Na początku pogrzebowej Eucharystii ks. bp Leszek Leszkiewicz, biskup pomocniczy diecezji tarnowskiej, odczytał pełen chrześcijańskiej nadziei list abp. Wiktora Skworca, metropolity katowickiego, który jako wcześniejszy biskup tarnowski zaprosił siostry z Katowic na fundację do Tarnowa. Wśród ponad 30. koncelebransów, głównie kapłanów tarnowskich, z księżmi infułatami, księdzem rektorem i profesorami seminarium, proboszczem tarnowskiej parafii MB Fatimskiej, na terenie której położony jest klasztor, nie zabrakło też karmelitów bosych, współbraci zakonnych zmarłej, którzy przybyli z Czernej, Kluszkowiec, Krakowa i Wadowic, na czele z wikariuszem prowincji – o. Łukaszem Kasperkiem OCD i o. Oktawianem Stokłosą OCD – delegatem prowincjalnym dla karmelitanek bosych. Przybyło także 6 sióstr zewnętrznych z klasztorów karmelitanek bosych w Katowicach, Kodniu, Krakowie, Rzeszowie i Wrocławiu. Posługę akolitów pełnili klerycy diecezjalni z Tarnowa i karmelitańscy z Krakowa. Obecne były liczne siostry zakonne i przedstawiciele świeckiego zakonu karmelitańskiego
W swej homilii ks. bp Andrzej Jeż, podkreślając fakt, że pogrzeb wiernej karmelitanki bosej, jaką była śp. m. Teresa, nie napawa nigdy smutkiem, ale prawdziwie chrześcijańską, paschalną radością i pokojem, nakreślił sylwetkę zmarłej w świetle słowa Bożego, cytując także fragmenty z jej korespondencji i poezji; fragmenty stanowiące niejako jej duchowy testament, ukierunkowujący na Bożą miłość: „Kiedy już mnie na zawsze zawołasz, o Boże, ku ziemi oczu swoich nie odwrócę. / W sercu zabiorę wszystko, co żyć może w obliczu Twoim, a resztę odrzucę. / Na ziemi dłonie swe położę obie, byś mnie unosząc ponad krąg stworzenia, / w dłoniach tych wszystko pociągnął ku Sobie / i uwiódł w szczęśliwość wiecznego istnienia”.

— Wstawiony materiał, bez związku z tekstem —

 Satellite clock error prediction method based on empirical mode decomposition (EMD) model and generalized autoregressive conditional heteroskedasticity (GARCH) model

Wszystkim uczestnikom pogrzebu, także krewnym zmarłej, służbie zdrowia, która nie szczędziła wysiłków, by towarzyszyć jej w cierpieniu oraz przyjaciołom i dobroczyńcom klasztoru, podziękował w imieniu zakonu o. Szczepan Praśkiewicz, który jako były przełożony prowincjalny towarzyszył fundacji tarnowskiej od zarania jej dziejów. Nawiązał on do faktu, że m. Teresa zmarła w wigilię celebrowanego w Karmelu święta Przebicia Serca św. Teresy od Jezusa, widząc w tym fakcie niejako nadprzyrodzoną pieczęć samego Pana Boga, że to kochające Go serce, które każdym swoim uderzeniem powtarzało: „mój Jezu, ja Cię kocham”, zatrzymało się właśnie w dniu przywoływania przez liturgię karmelitańską mistycznego fenomenu przebicia serca św. Teresy, reformatorki zakonu.

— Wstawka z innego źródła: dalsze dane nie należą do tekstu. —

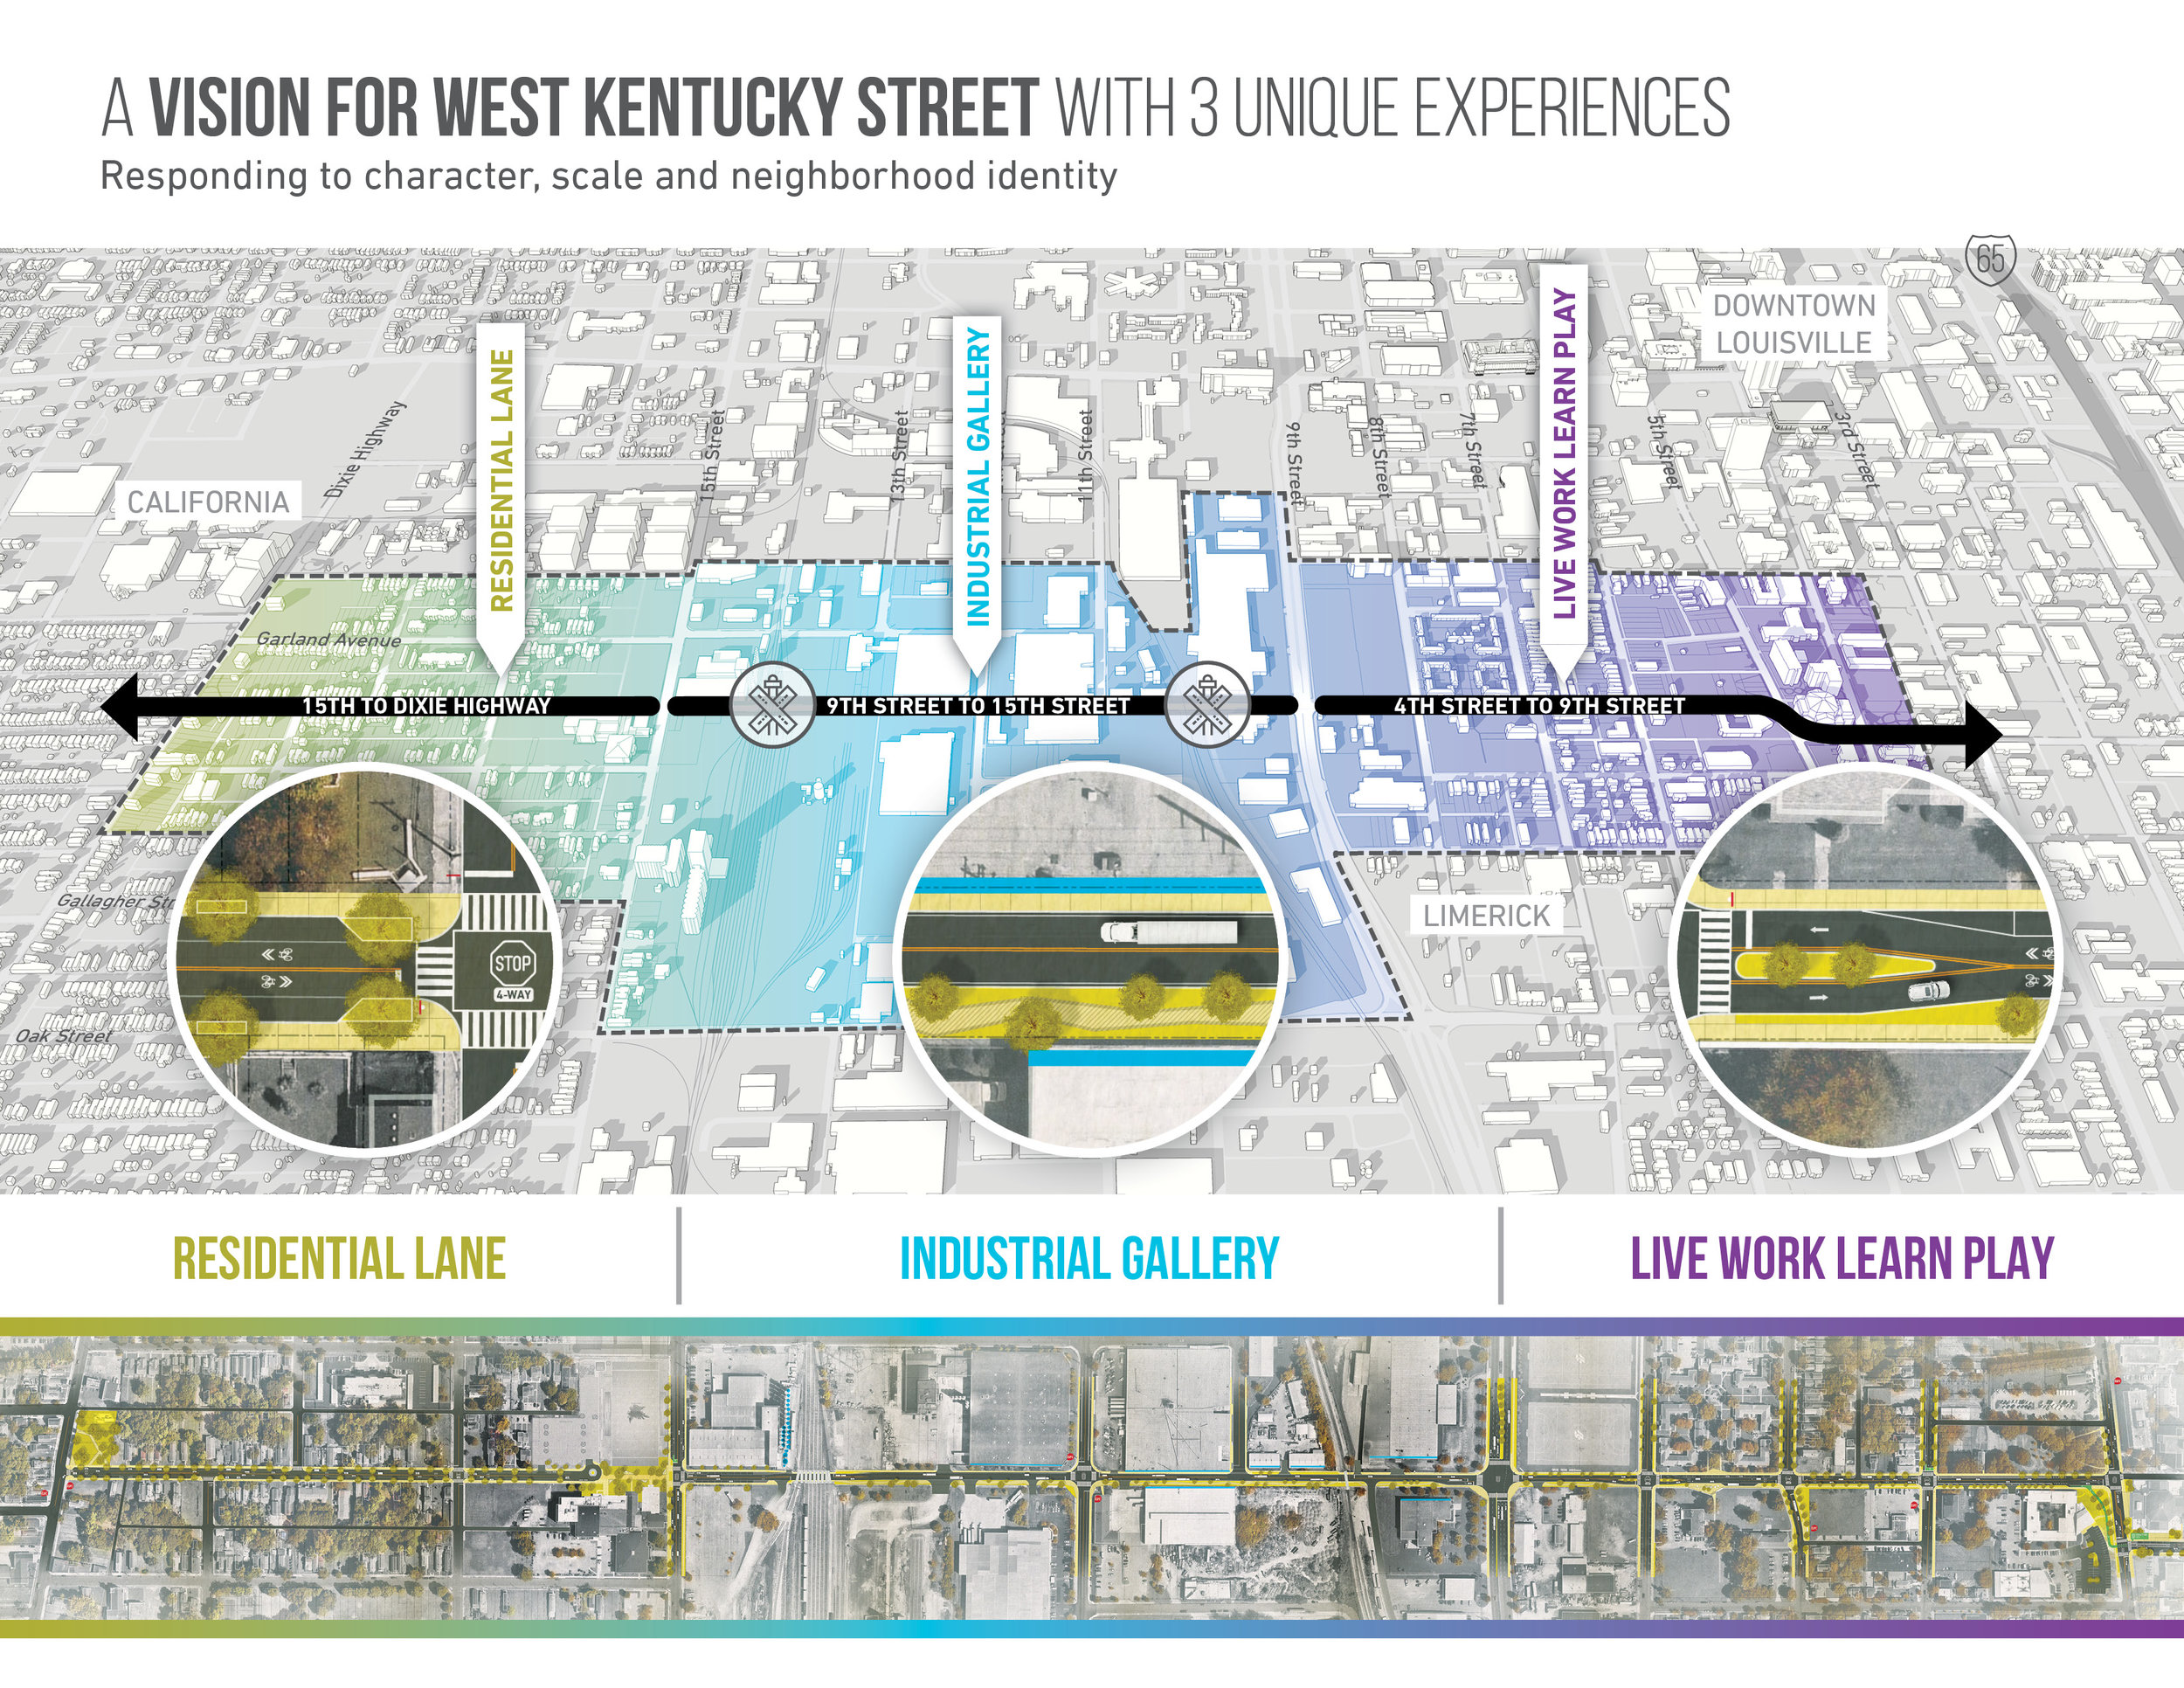 West Kentucky Street - Image1.jpg

Matka Teresa od Dzieciątka Jezus spoczęła jako pierwsza mniszka tarnowskiego Karmelu na cmentarzu sąsiadującym z klasztorem, w grobowcu usytuowanym przy grobowcach kapłańskich, gdzie oczekuje chwalebnego zmartwychwstania, jak głosi napis umieszczony tam u stóp figury Zmartwychwstałego Chrystusa, na co zechciał w swym pożegnalnym słowie zwrócić jeszcze uwagę ks. biskup ordynariusz.